Content starts

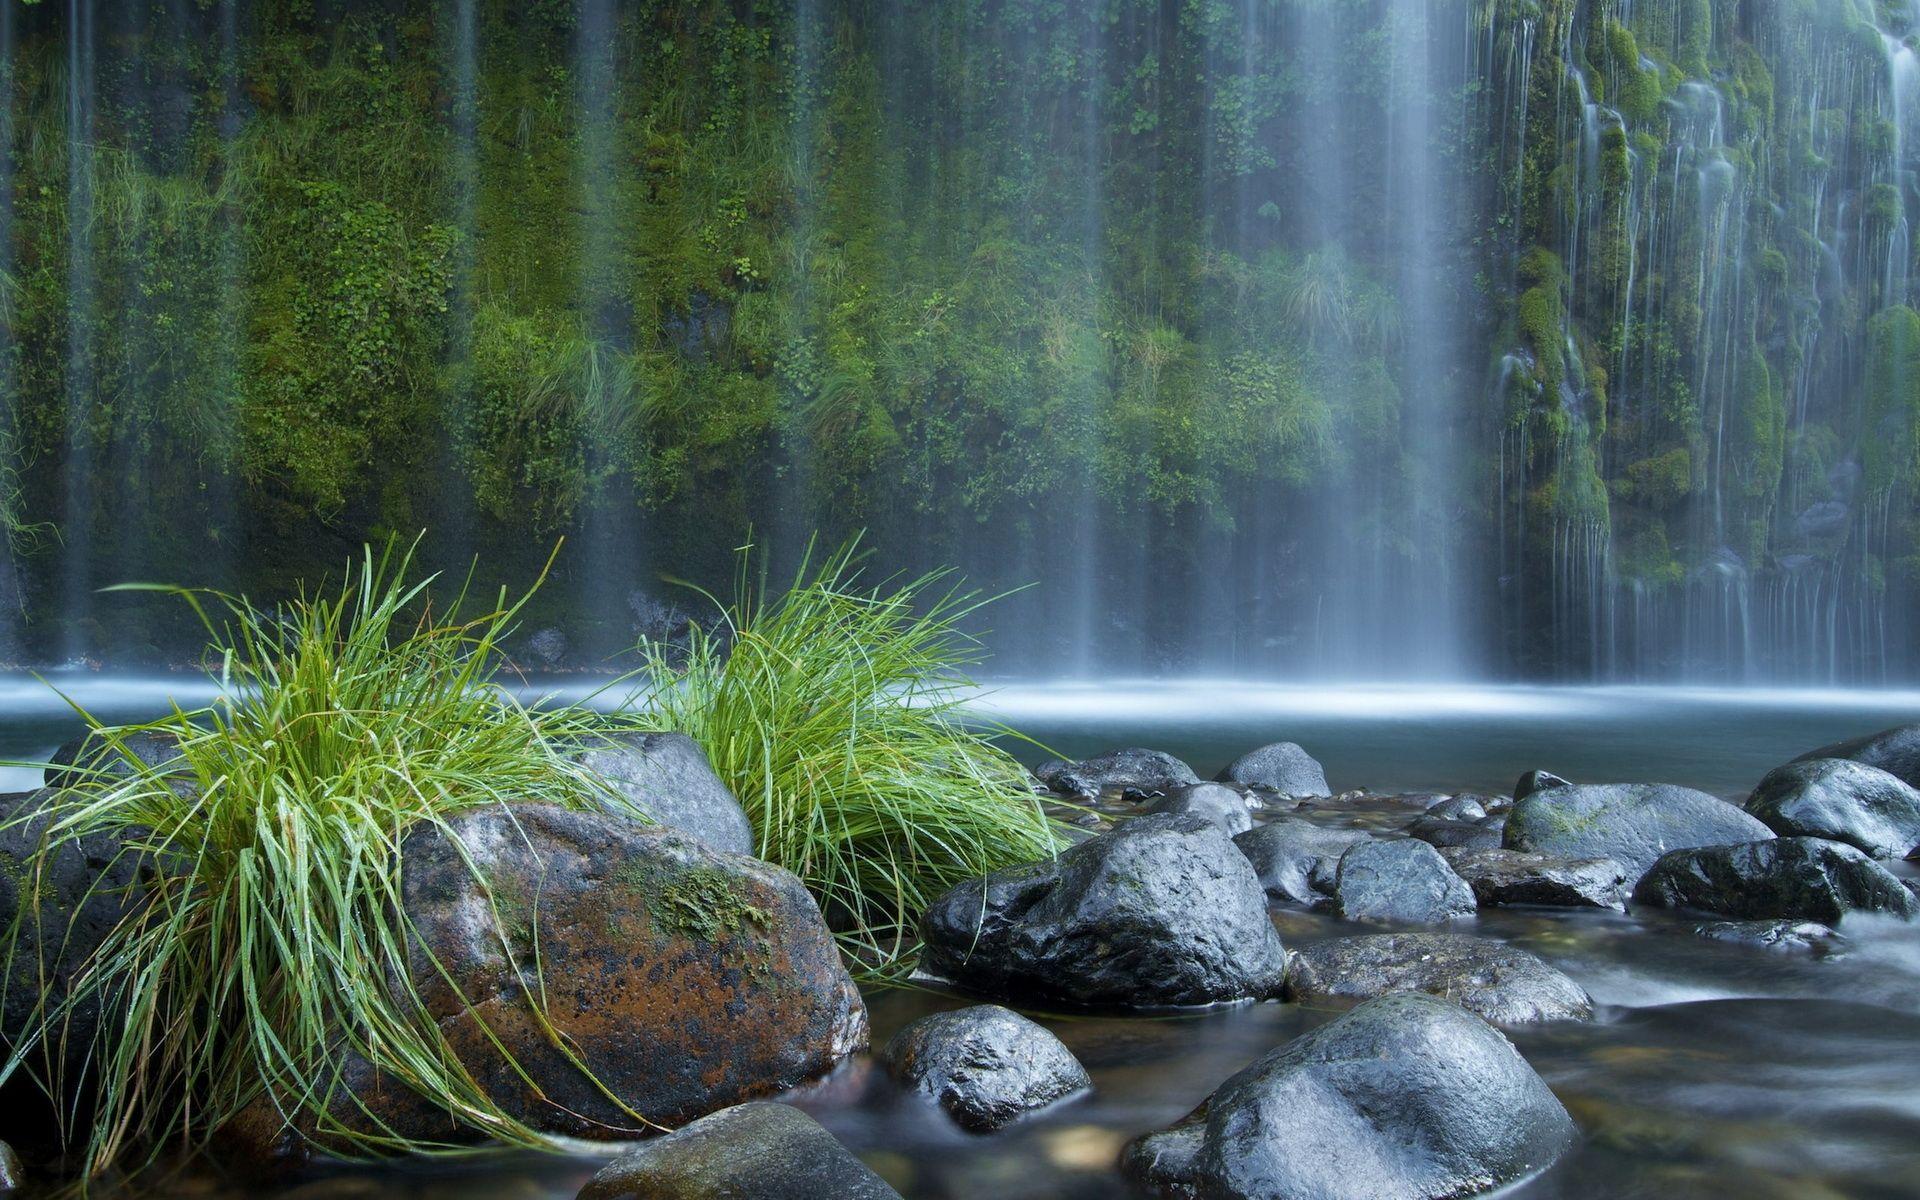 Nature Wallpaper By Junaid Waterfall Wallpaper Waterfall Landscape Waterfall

Content ends
Content starts

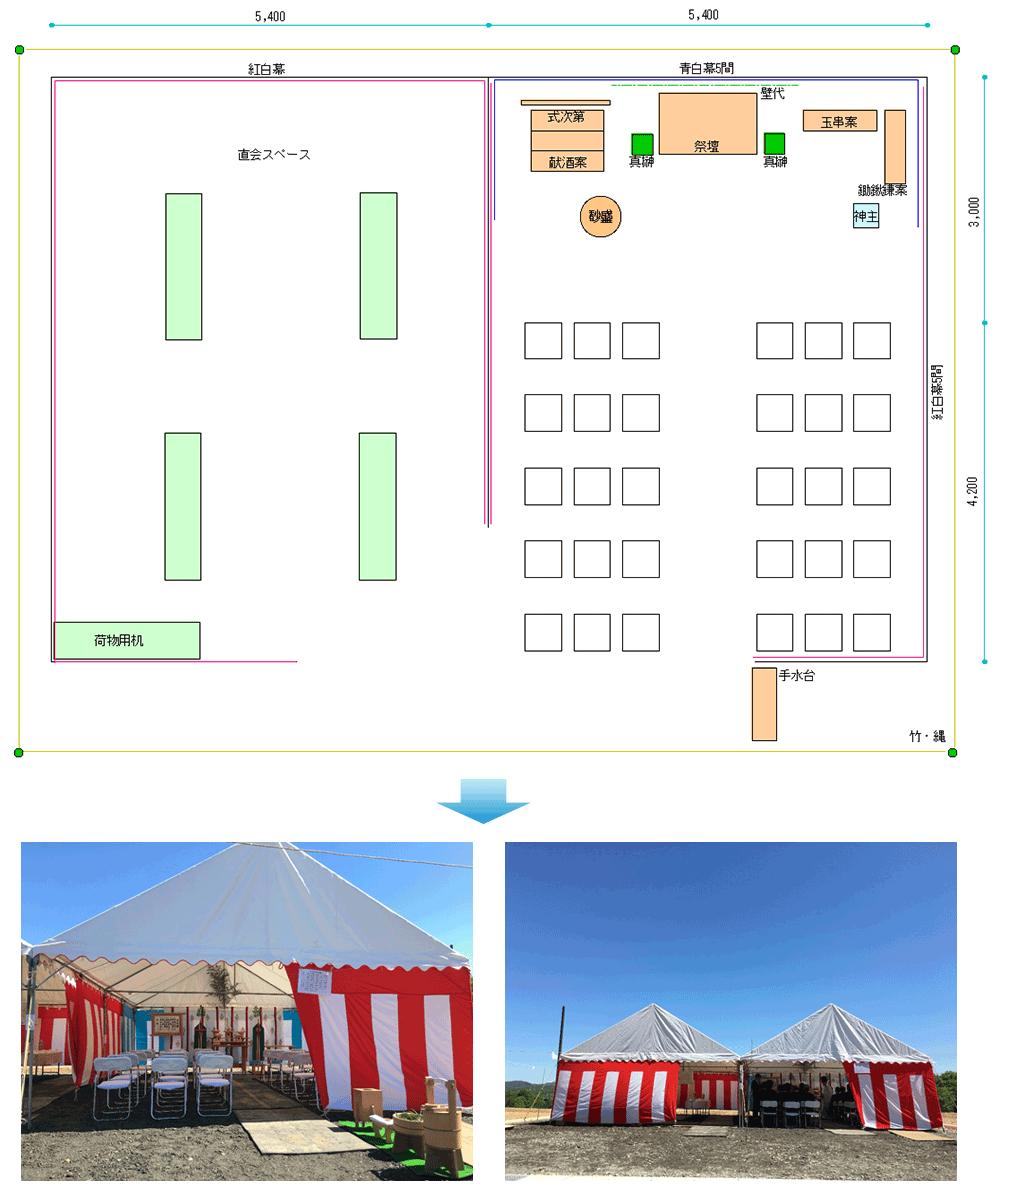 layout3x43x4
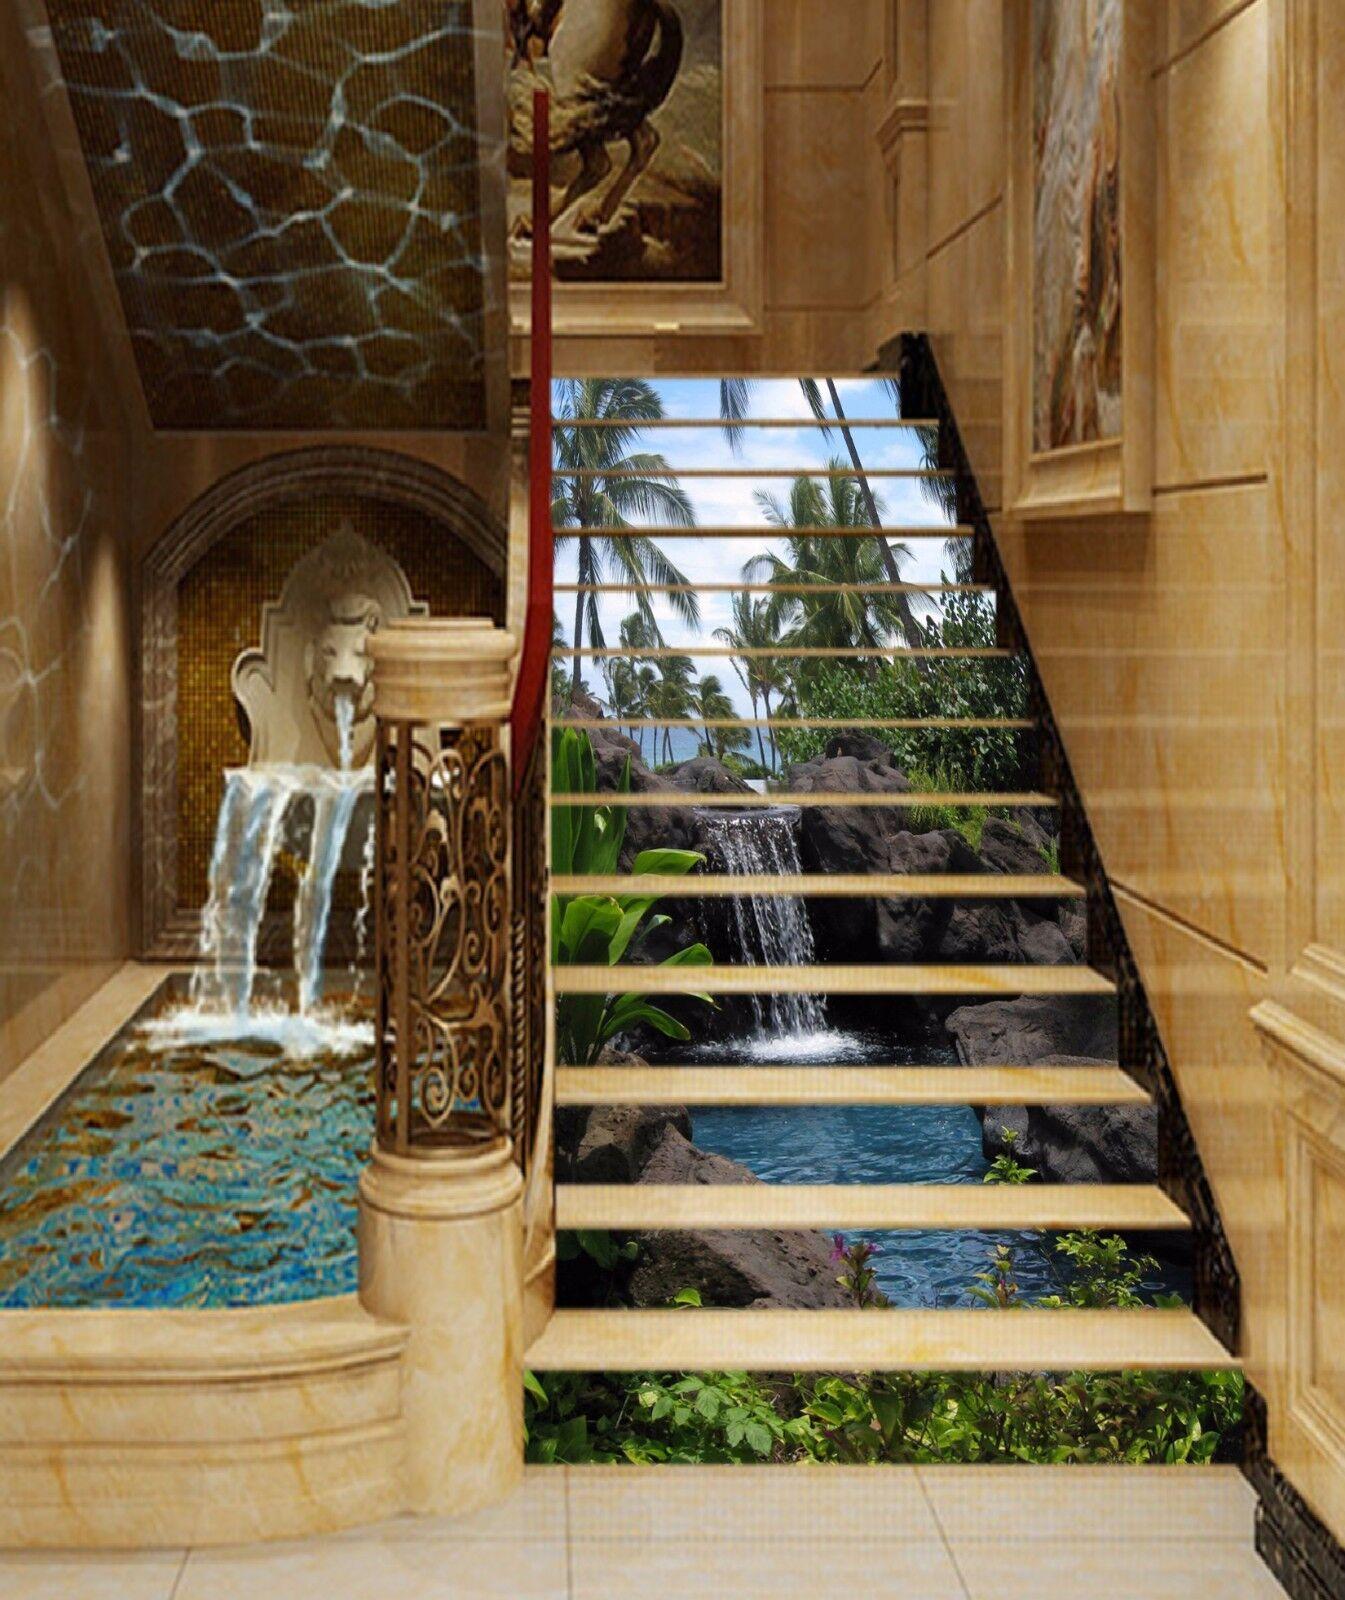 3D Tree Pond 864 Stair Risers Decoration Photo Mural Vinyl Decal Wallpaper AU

Content ends

** Problem **
Given the listing above, repeat exactly the lines starting at the one with "layout3x43x4" and ending at the one with "3D Tree Pond", inclusive, excluding pictures.

** Response **
 layout3x43x4
 3D Tree Pond 864 Stair Risers Decoration Photo Mural Vinyl Decal Wallpaper AU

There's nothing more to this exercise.